EXERCISE DIRECTIONS: All pictures are to be excluded when the data below is output verbatim.

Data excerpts
Segment Open
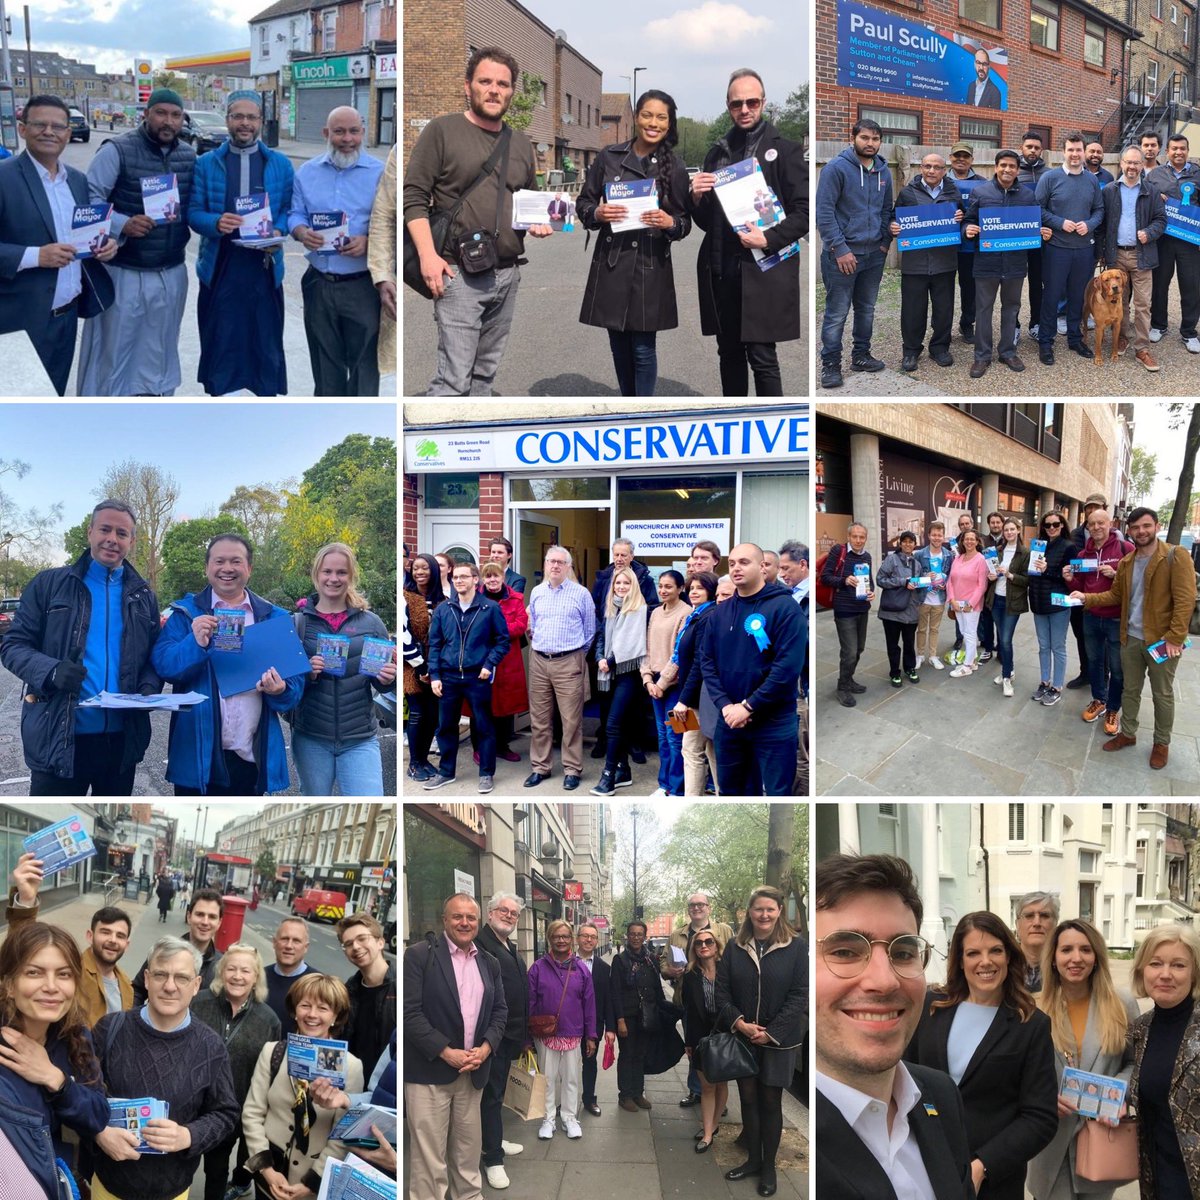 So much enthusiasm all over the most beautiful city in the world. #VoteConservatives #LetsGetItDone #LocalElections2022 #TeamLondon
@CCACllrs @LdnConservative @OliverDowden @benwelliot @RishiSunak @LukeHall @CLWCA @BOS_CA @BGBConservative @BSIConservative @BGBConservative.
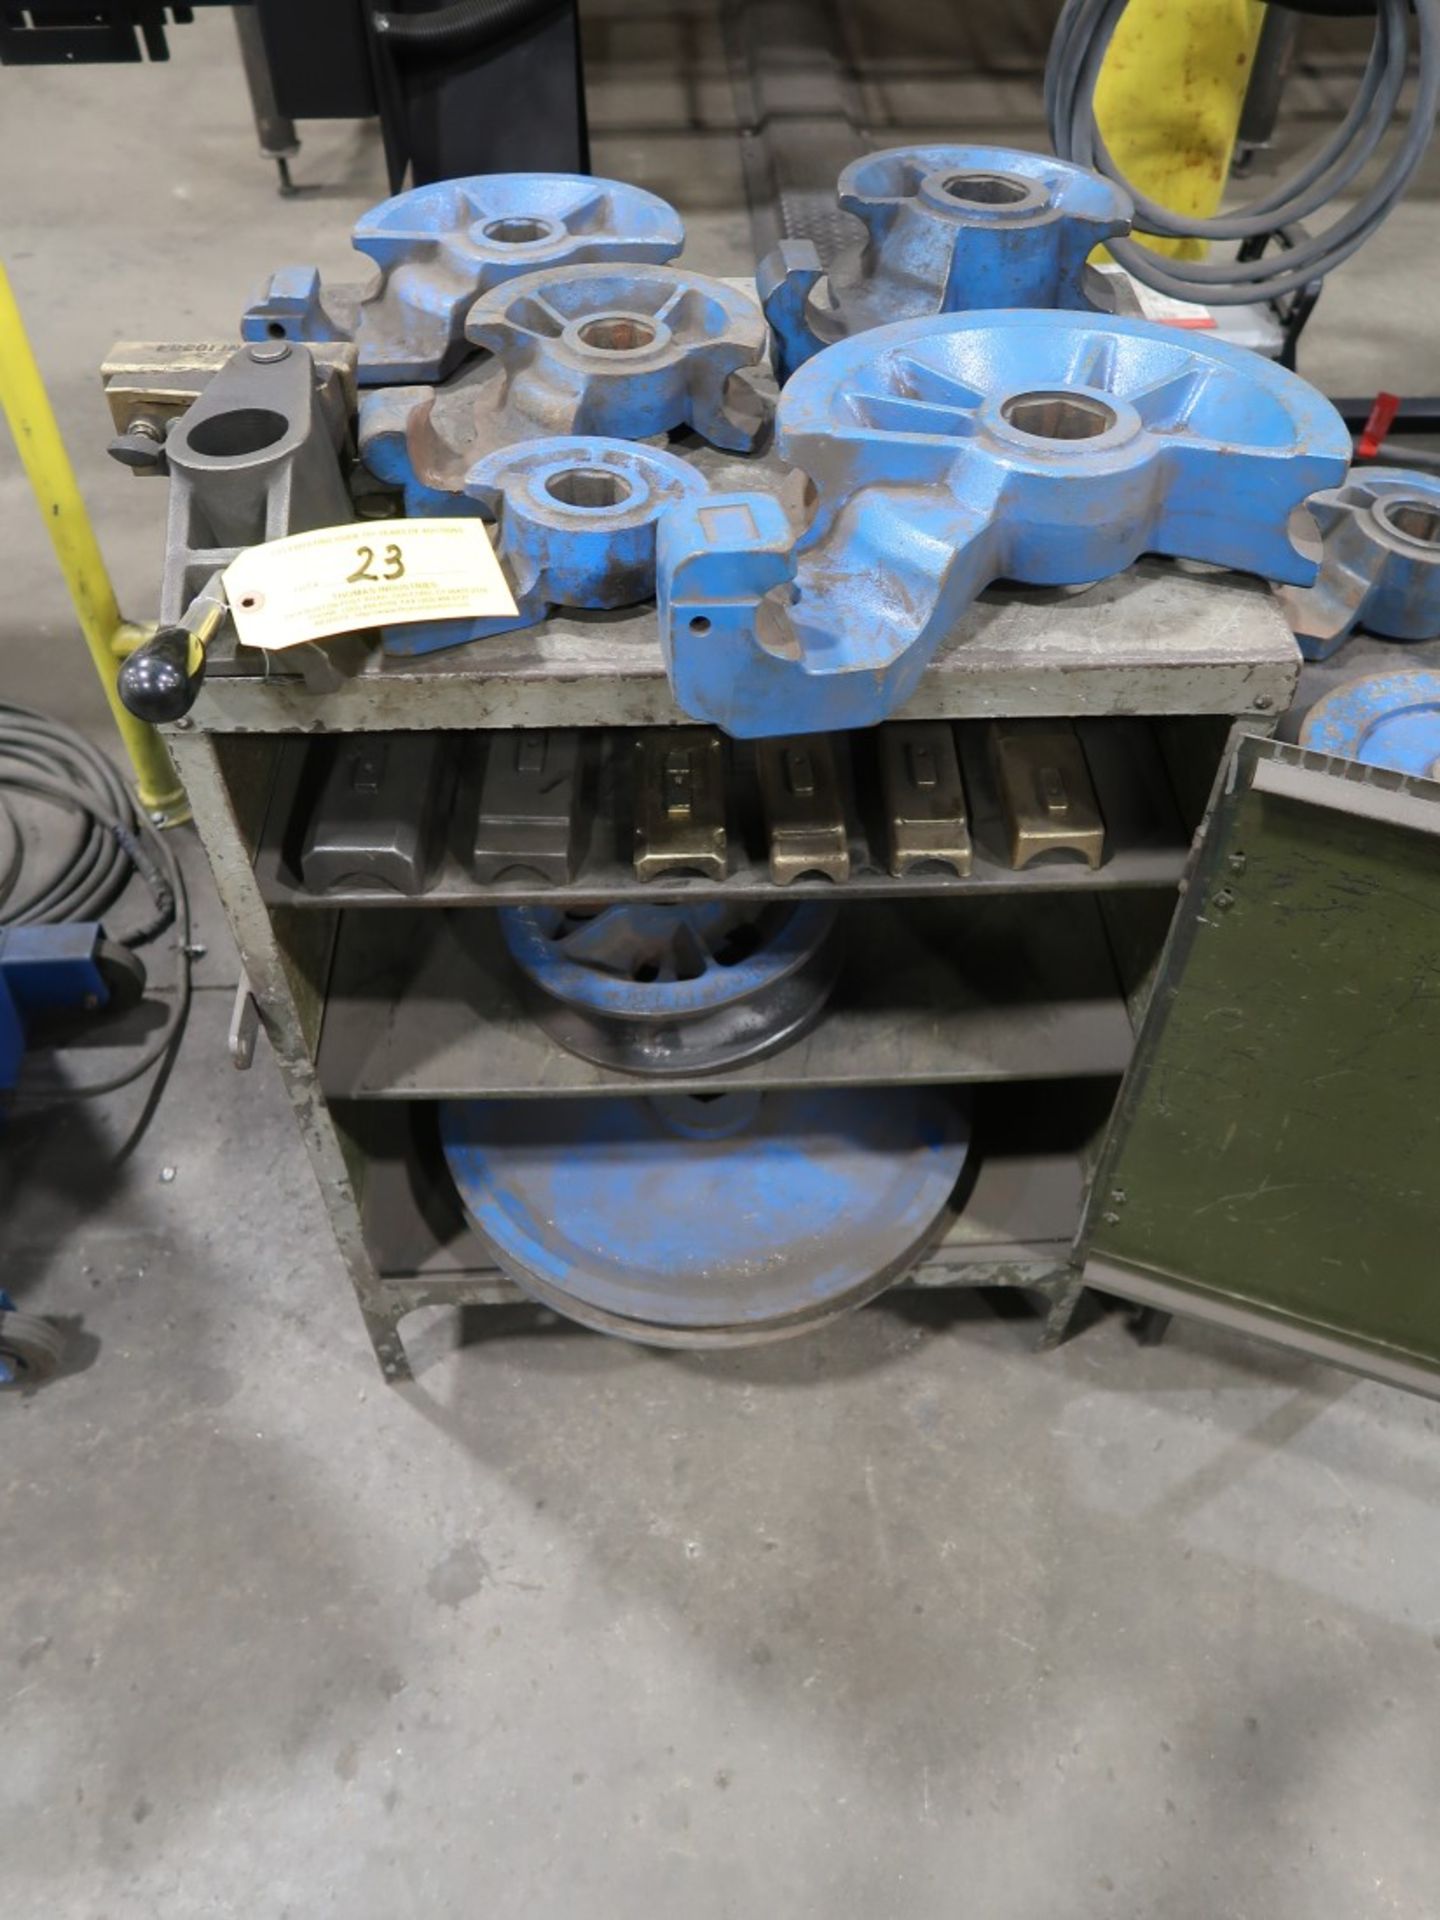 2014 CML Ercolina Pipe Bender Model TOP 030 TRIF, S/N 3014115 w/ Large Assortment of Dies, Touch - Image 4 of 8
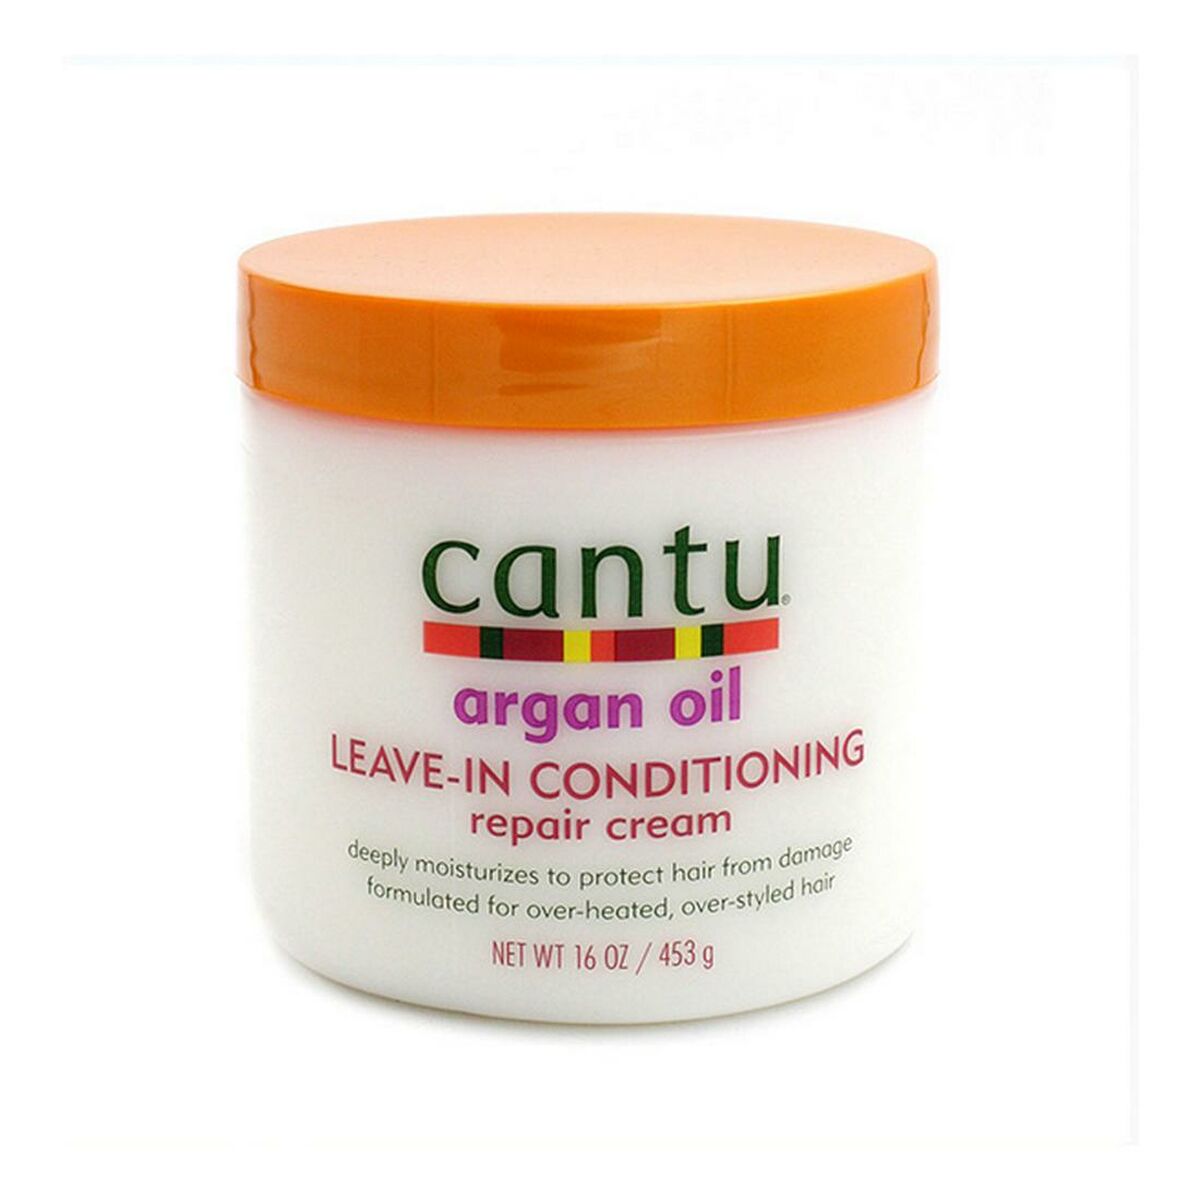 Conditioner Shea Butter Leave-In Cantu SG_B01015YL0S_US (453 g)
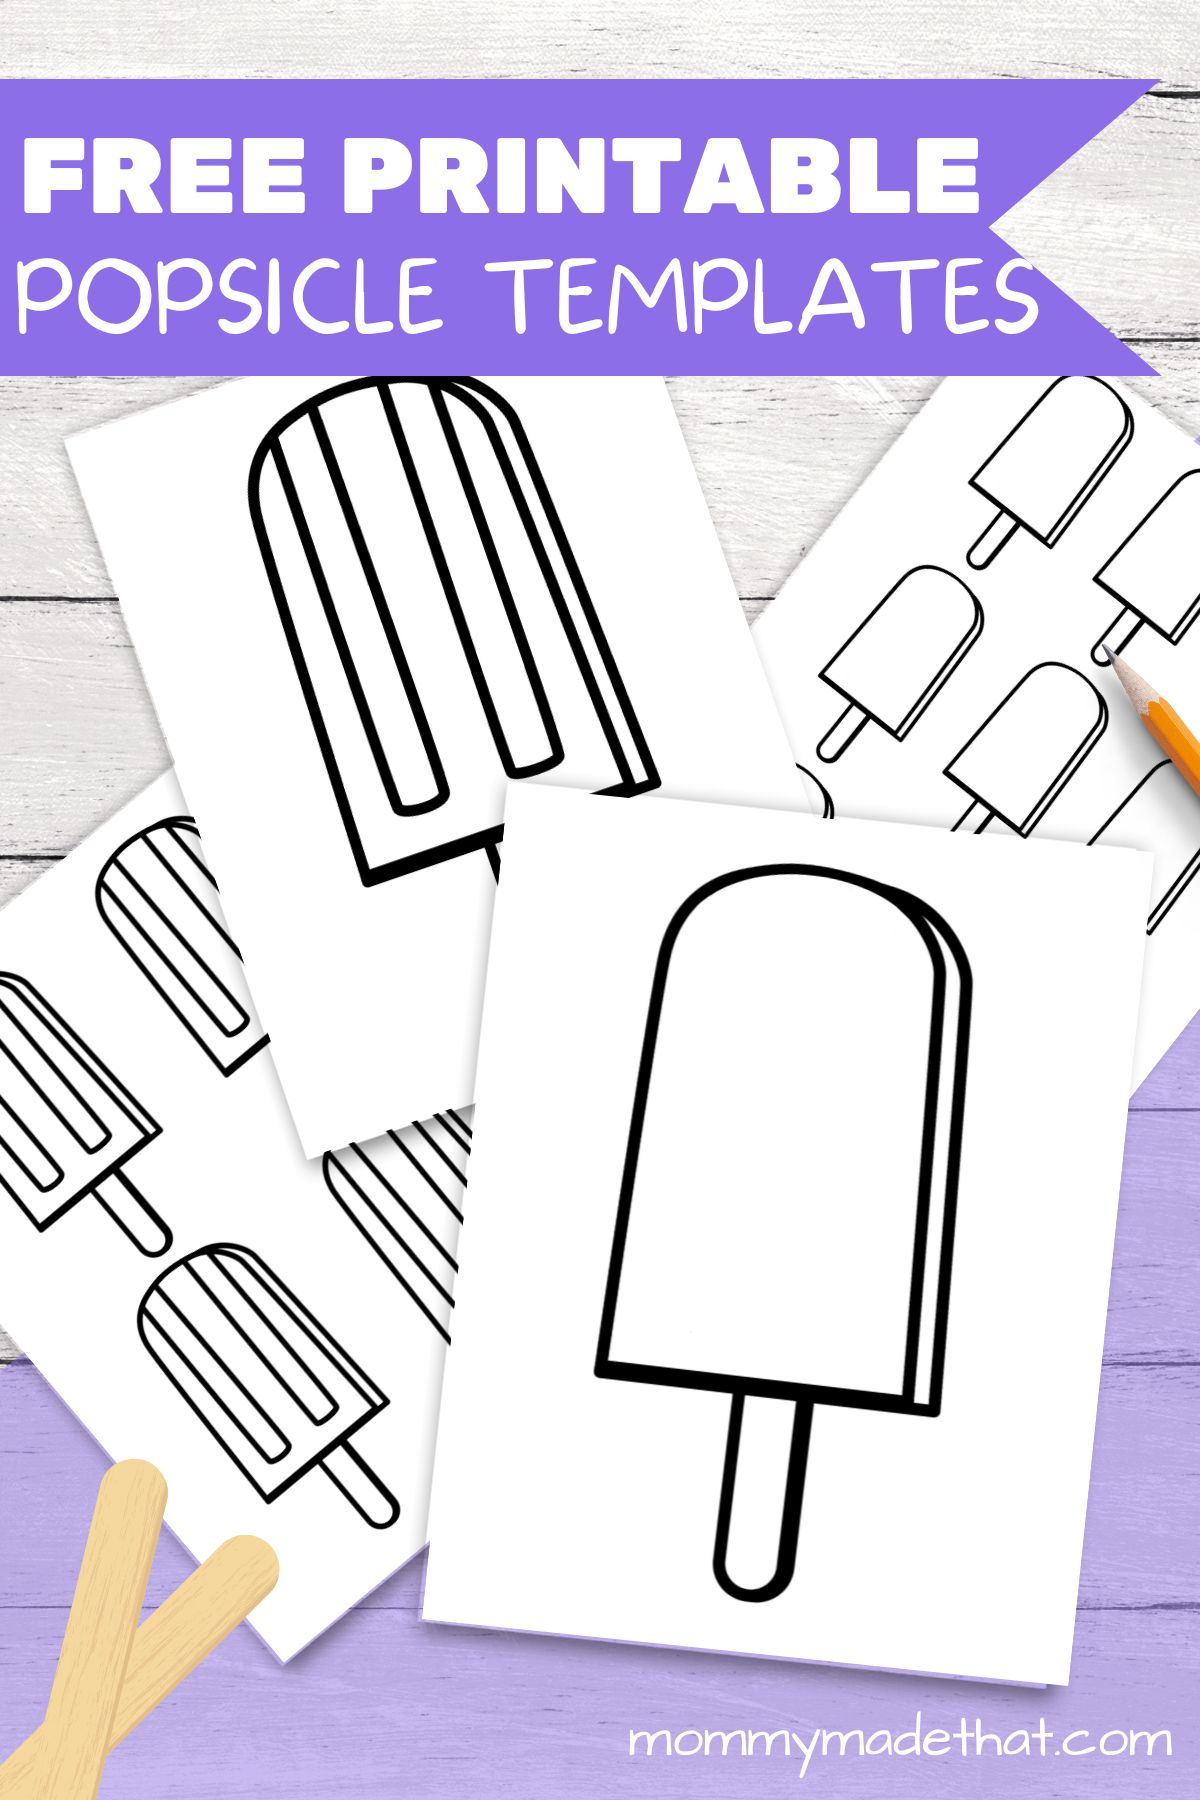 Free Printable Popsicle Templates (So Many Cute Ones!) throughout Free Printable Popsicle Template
Segment Closed
YOUR SOLUTION:
 So much enthusiasm all over the most beautiful city in the world. #VoteConservatives #LetsGetItDone #LocalElections2022 #TeamLondon
@CCACllrs @LdnConservative @OliverDowden @benwelliot @RishiSunak @LukeHall @CLWCA @BOS_CA @BGBConservative @BSIConservative @BGBConservative.
 2014 CML Ercolina Pipe Bender Model TOP 030 TRIF, S/N 3014115 w/ Large Assortment of Dies, Touch - Image 4 of 8
 Conditioner Shea Butter Leave-In Cantu SG_B01015YL0S_US (453 g)
 Free Printable Popsicle Templates (So Many Cute Ones!) throughout Free Printable Popsicle Template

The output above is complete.